Dr. John-Jose Nunez is conducting research at BC Cancer using artificial intelligence (AI) to predict patient need for psychosocial services such as psychiatry and counselling. The psychiatrist, who is conducting research at BC Cancer, completed his Masters in computer science. His thesis demonstrated the ability to use Natural Language Processing (a form of AI) to predict need for psychiatric consultation from a single oncologist new assessment with 87 per cent accuracy.
He uses artificial intelligence to analyze oncologist clinical dictations to find clues that a patient may be experiencing depression or anxiety and might benefit from psychosocial services. During an initial consultation, physicians and patients often focus much of the appointment on cancer treatment options and don’t always have the opportunity to discuss the many other services that BC Cancer provides to support patients in their journey. It can also be challenging to identify depression and anxiety.
On average, cancer patients with significant depression and anxiety do not survive as long as patients who do not have significant depression and anxiety. This is not because depression or anxiety can cause cancer or make cancer worse - there is considerable evidence against that commonly held belief. More likely, this is because people with significant depression or anxiety have more difficulty following through with recommended cancer treatments and/or tolerating treatment side effects.

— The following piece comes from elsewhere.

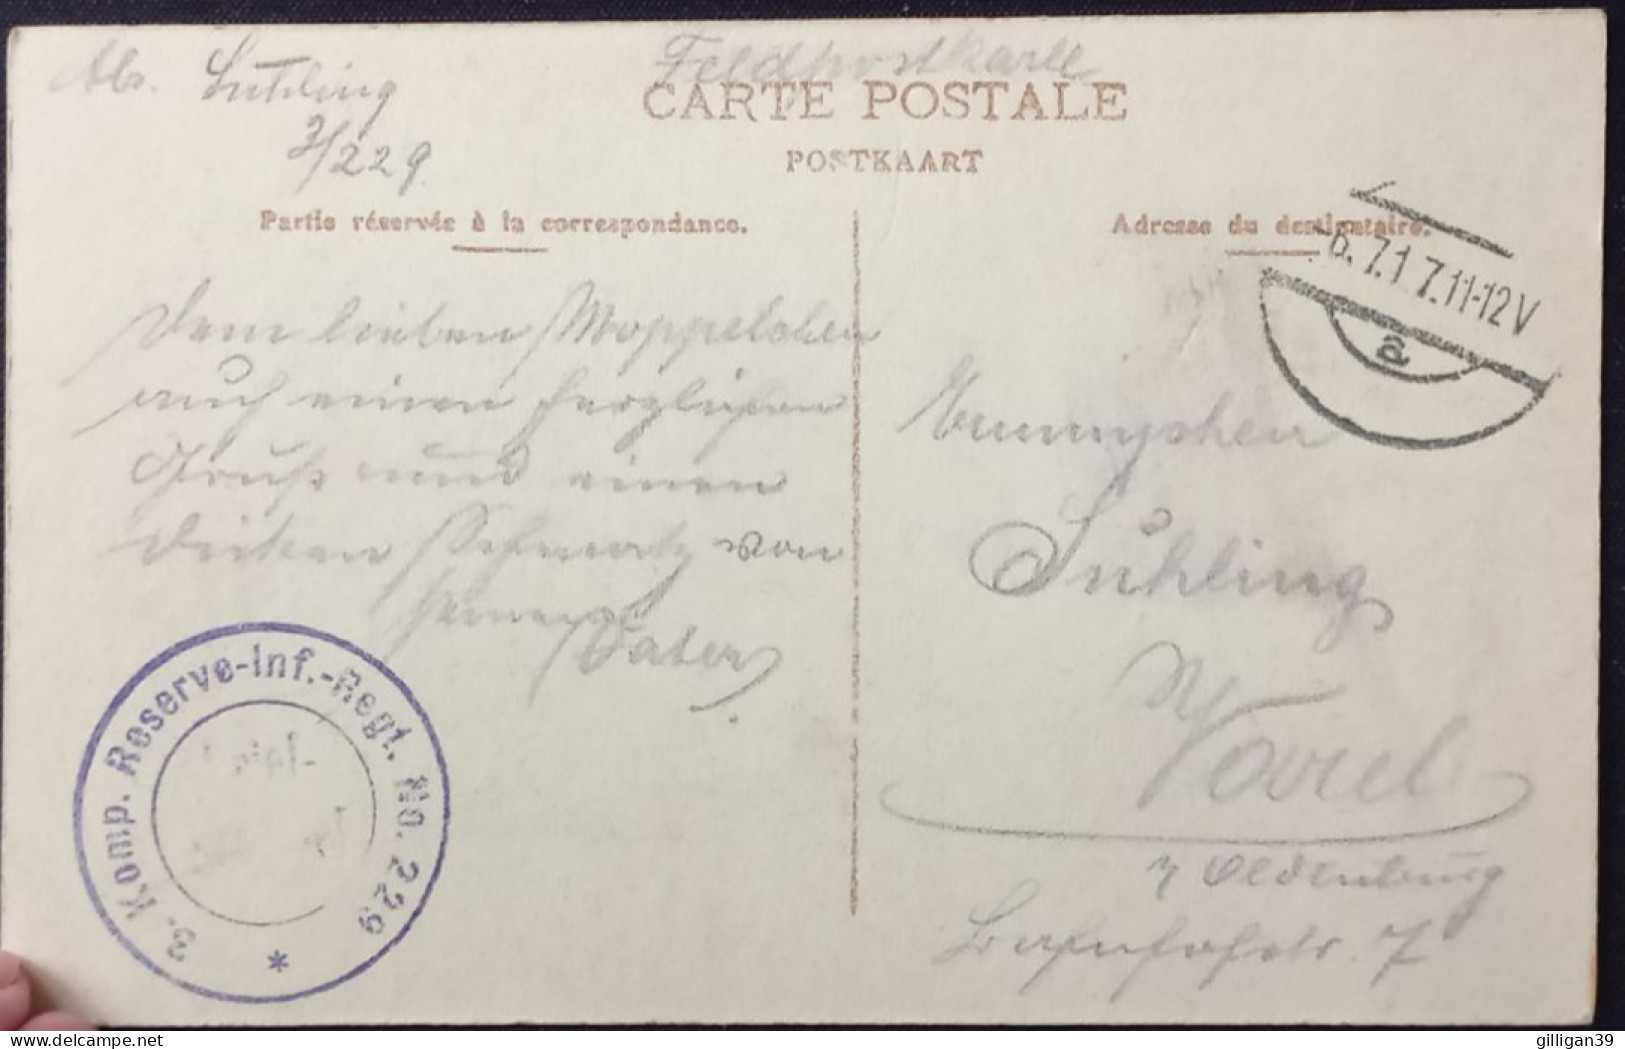 ROULERS, Rue Conscience, 3. Komp. Reserve-inf.-Regt. No. 229, Feldpost 1917 - Röselare
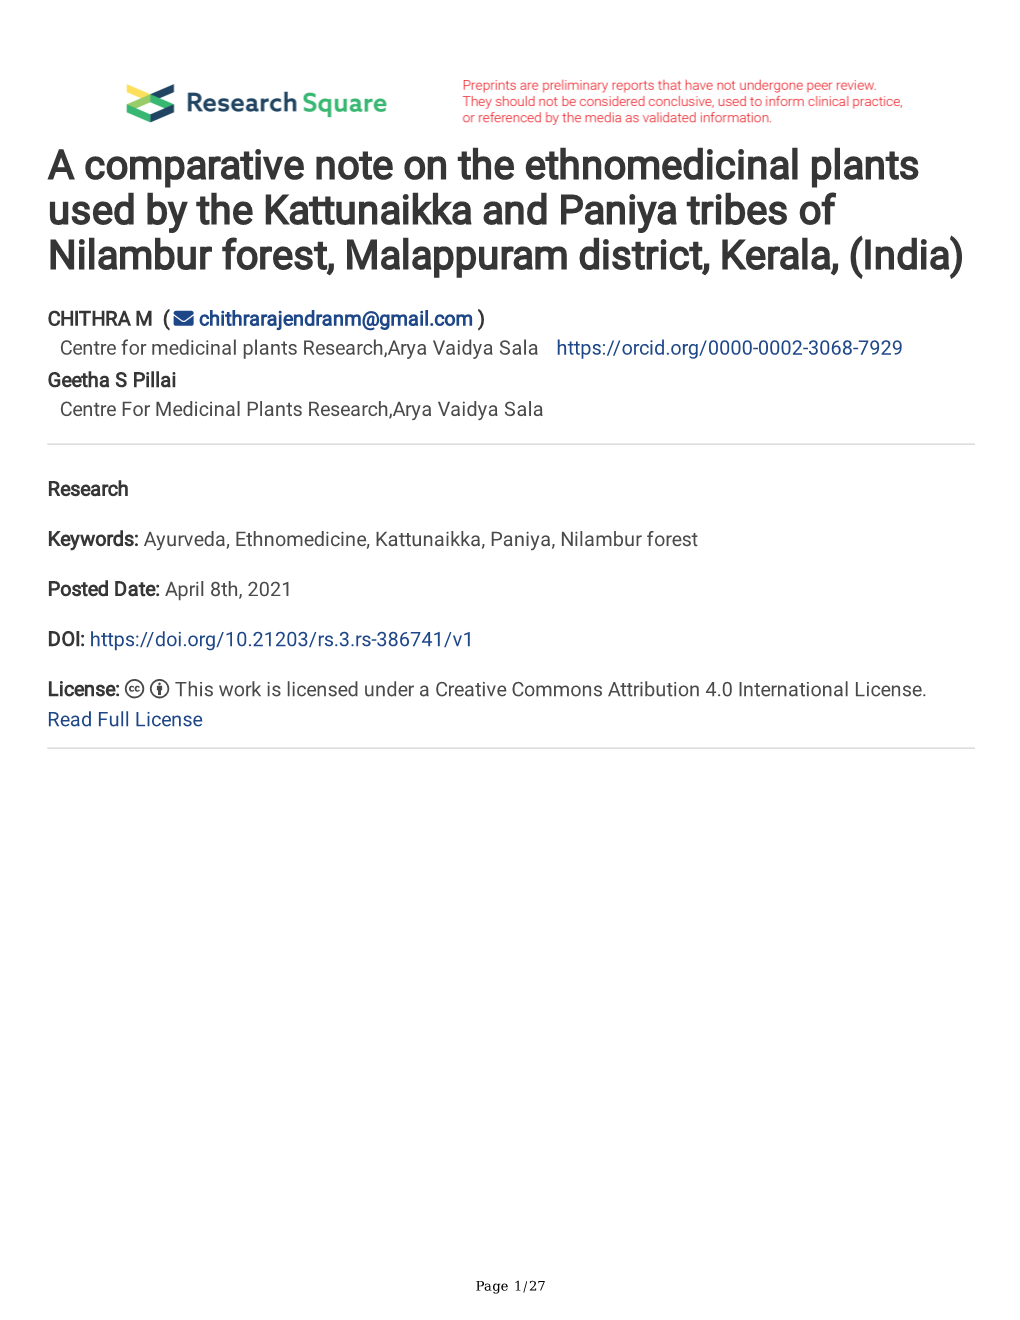 A Comparative Note on the Ethnomedicinal Plants Used by the Kattunaikka and Paniya Tribes of Nilambur Forest, Malappuram District, Kerala, (India)

It is hoped that in the future, BC Cancer will be able to use artificial intelligence to find patients with psychosocial needs as early as possible and offer them supportive care to reduce their psychological distress and support them to have the best possible outcomes.
Dr. Nunez is a recipient of the 2022/23 UBC Institute of Mental Health Marshall Fellowship
. With additional funding from the BC Cancer Research Institute, Dr. Nunez will be able to expand on this research and is partnering with the UBC Mood Disorders centre on a project that would apply AI to data from patients' smartphones to predict recurrence of depression in order to facilitate early intervention.